Statistical physics approaches to subnetwork dynamics in biochemical systems

TL;DR

This paper introduces a Gaussian variational approximation method for reducing large biochemical network models to focus on a subnetwork, capturing effects of the larger system including memory and noise, with improved accuracy and efficiency.

Contribution

It develops a novel model reduction technique incorporating memory and noise effects, applicable to stochastic biochemical networks, and demonstrates its effectiveness on a real signaling pathway.

Findings

The method accurately predicts subnetwork dynamics with memory and noise effects.
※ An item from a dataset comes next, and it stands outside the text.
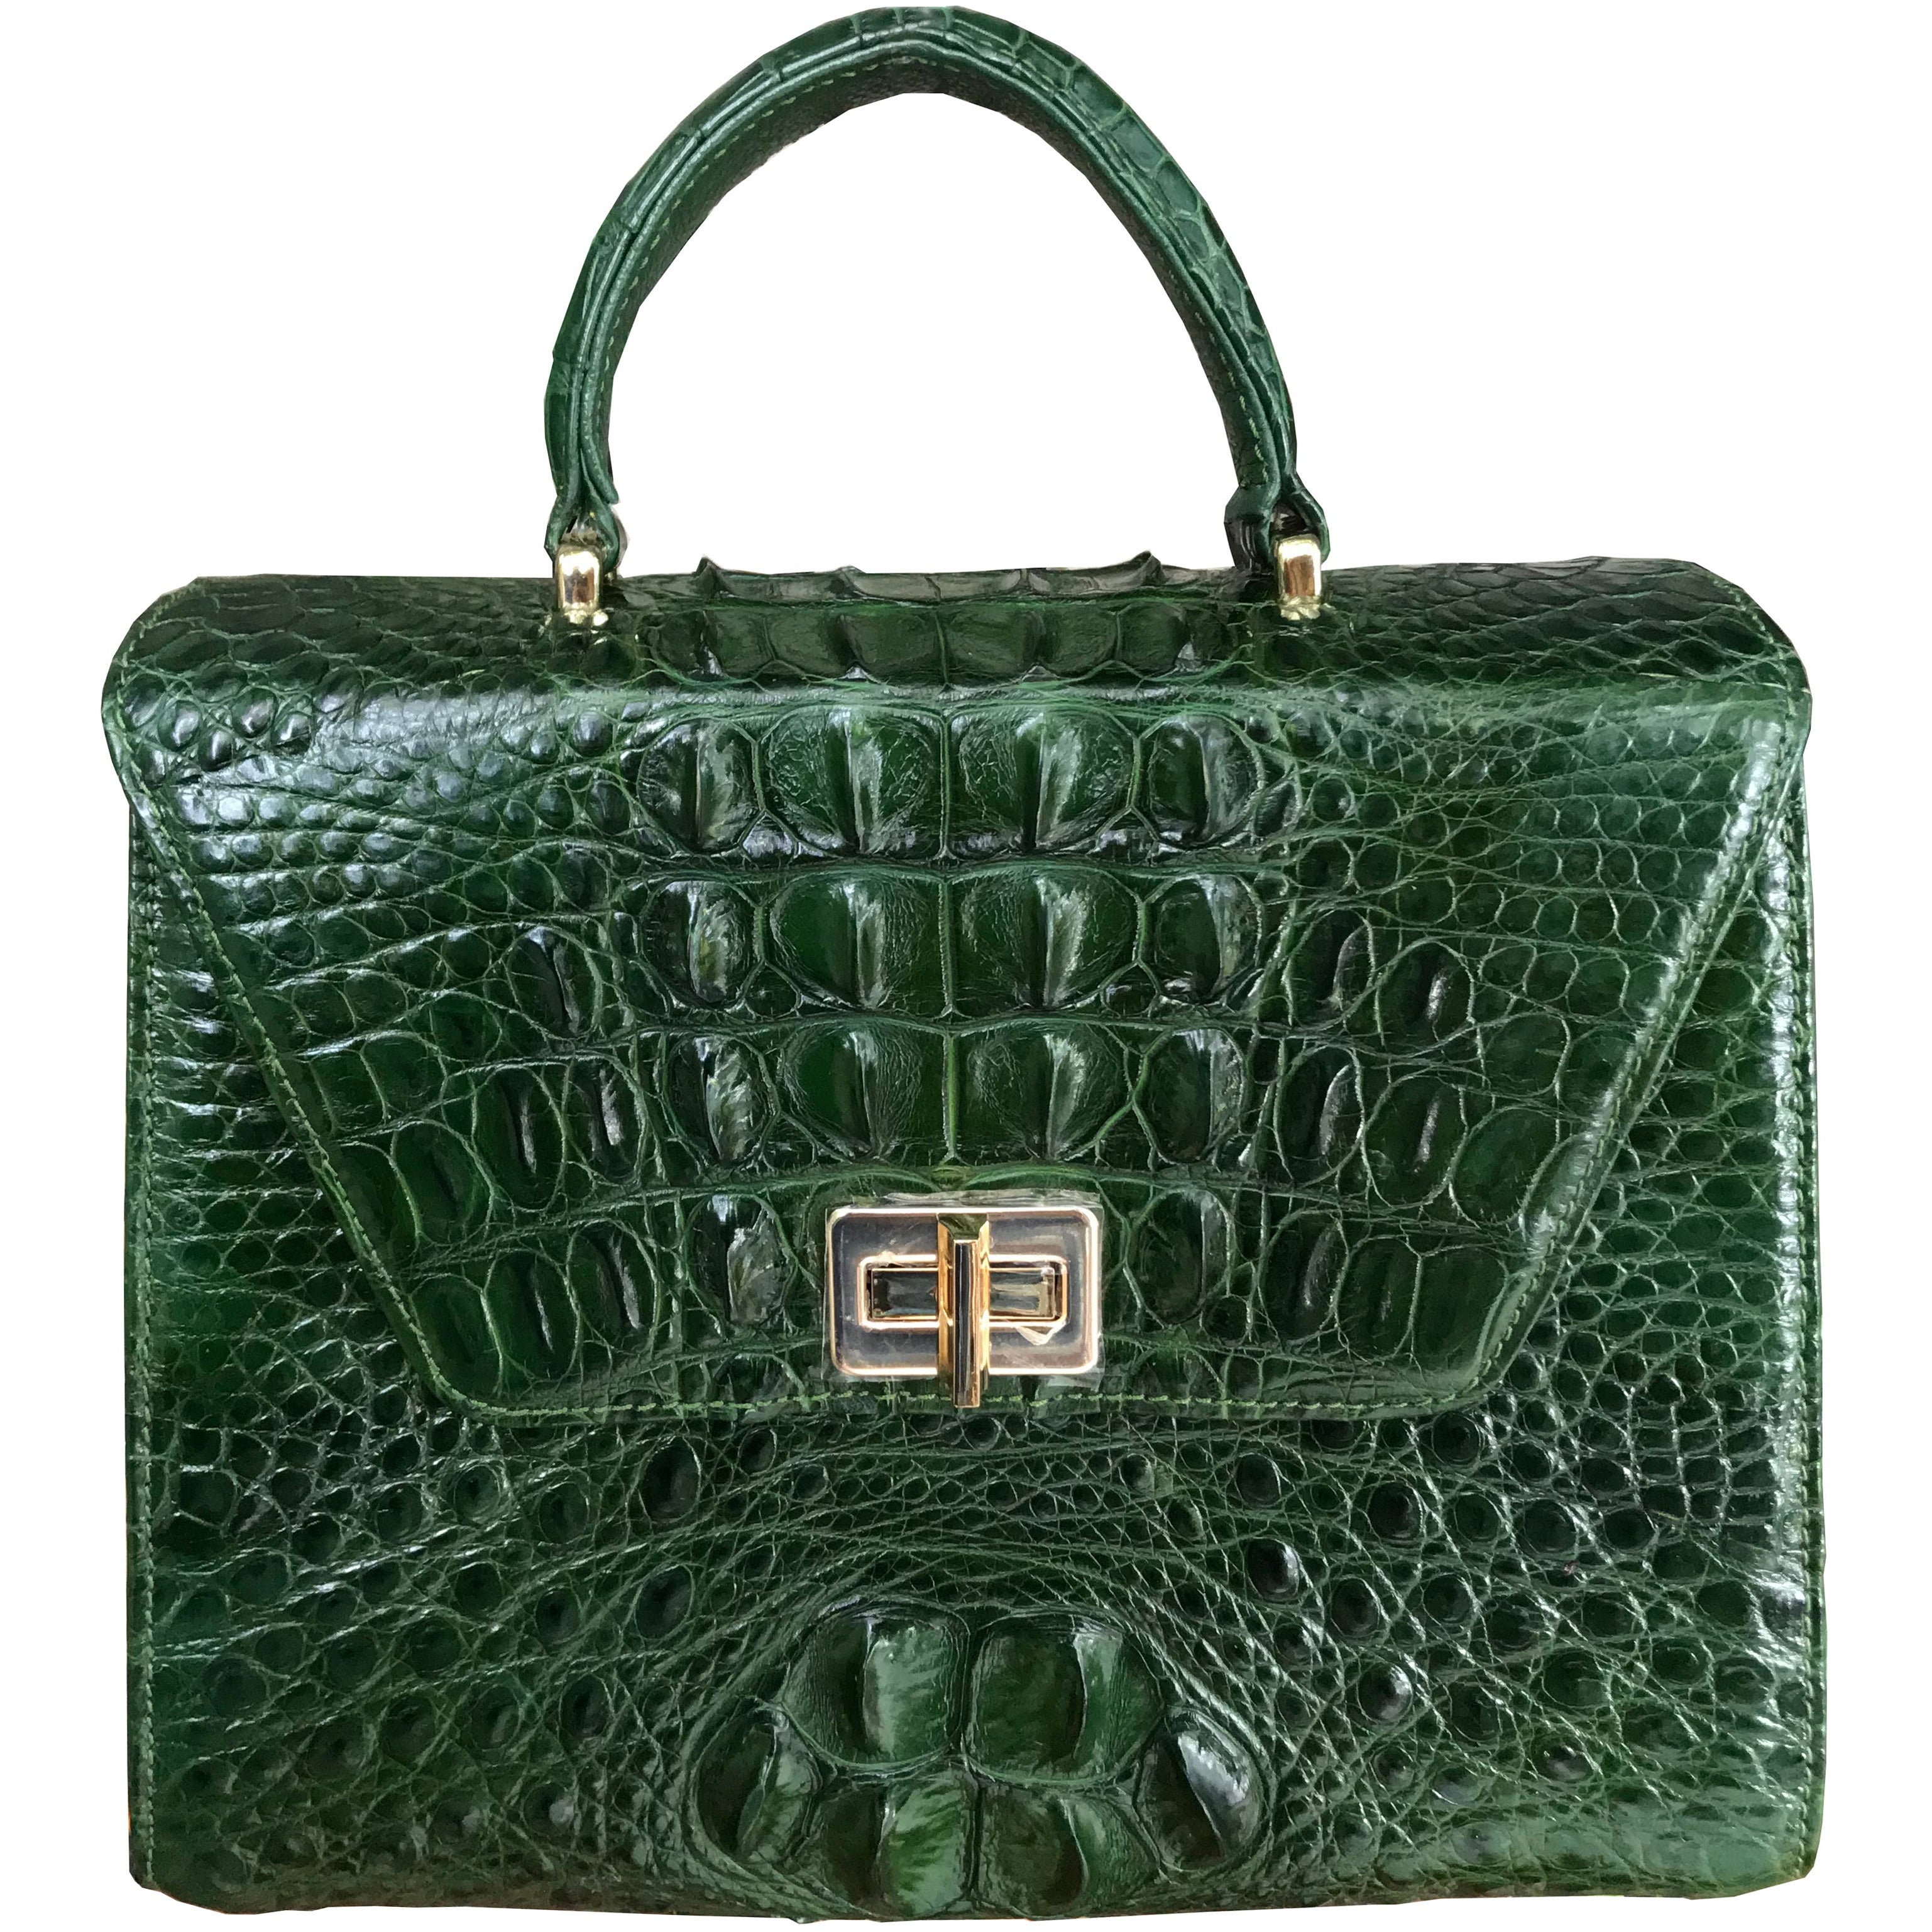 Buy perfect leather Women Brown Shoulder Bag Brown Online @ Best Price in  India | Flipkart.com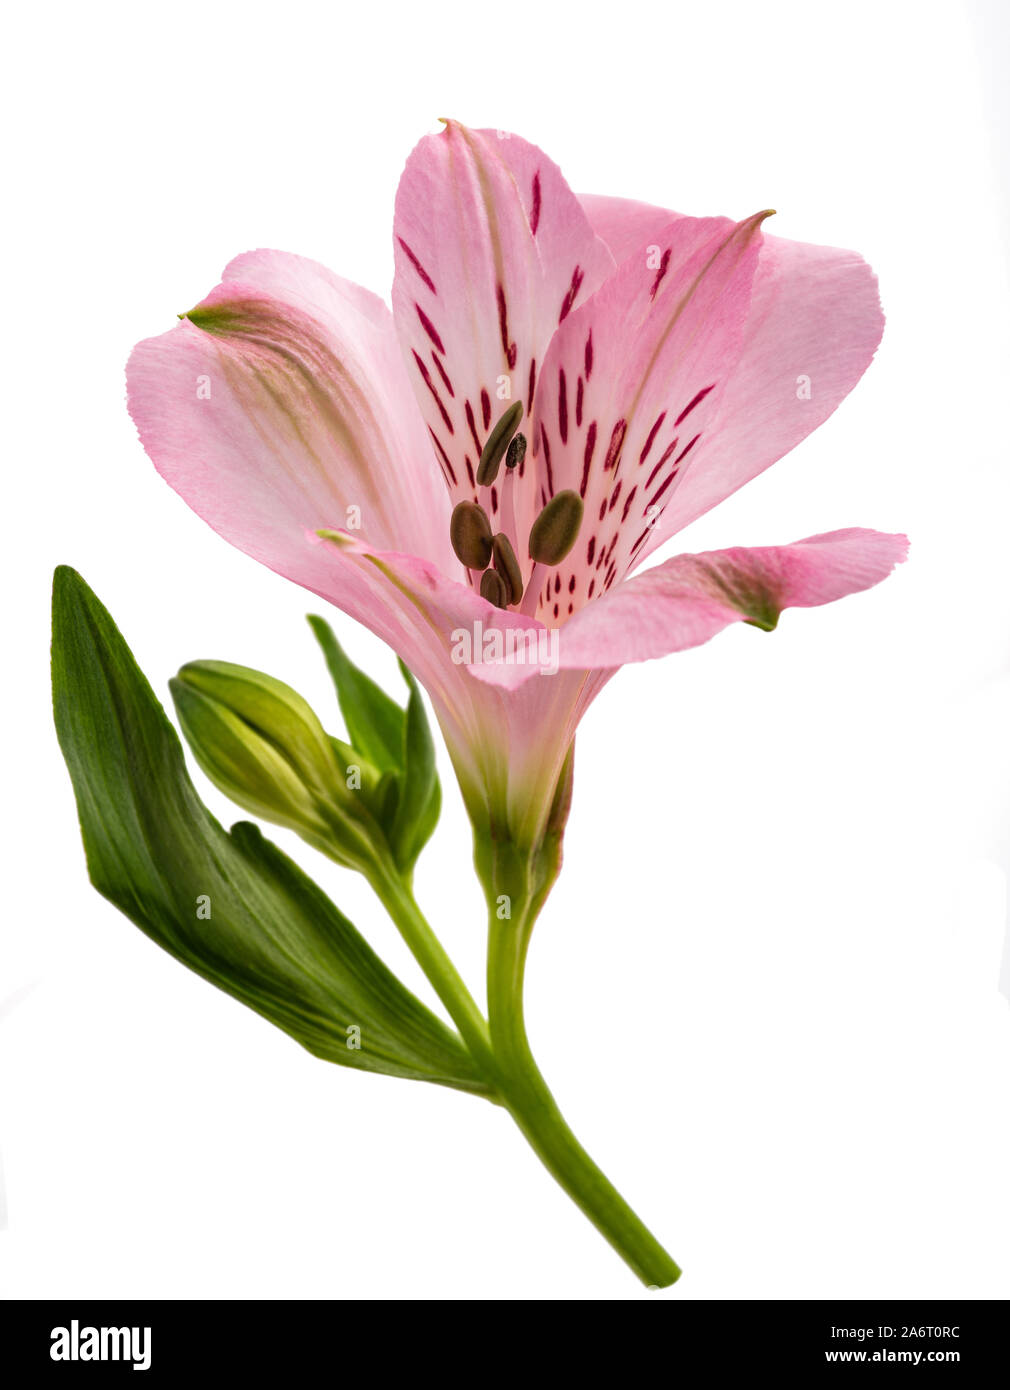 Peruvian lily ( Alstroemeria ) isolated on white background Stock Photo

It is computationally more efficient than existing projection methods.

Application to EGFR pathway shows improved prediction accuracy.

Abstract

We apply a Gaussian variational approximation to model reduction in large biochemical networks of unary and binary reactions. We focus on a small subset of variables (subnetwork) of interest, e.g. because they are accessible experimentally, embedded in a larger network (bulk). The key goal is to write dynamical equations reduced to the subnetwork but still retaining the effects of the bulk. As a result, the subnetwork-reduced dynamics contains a memory term and an extrinsic noise term with non-trivial temporal correlations. We first derive expressions for this memory and noise in the linearized (Gaussian) dynamics and then use a perturbative power expansion to obtain first order nonlinear corrections. For the case of vanishing intrinsic noise, our description is explicitly shown to be equivalent to projection methods up to quadratic terms, but it is applicable also in the presence of stochastic fluctuations in the original dynamics. An example from the Epidermal Growth Factor Receptor (EGFR) signalling pathway is provided to probe the increased prediction accuracy and computational efficiency of our method.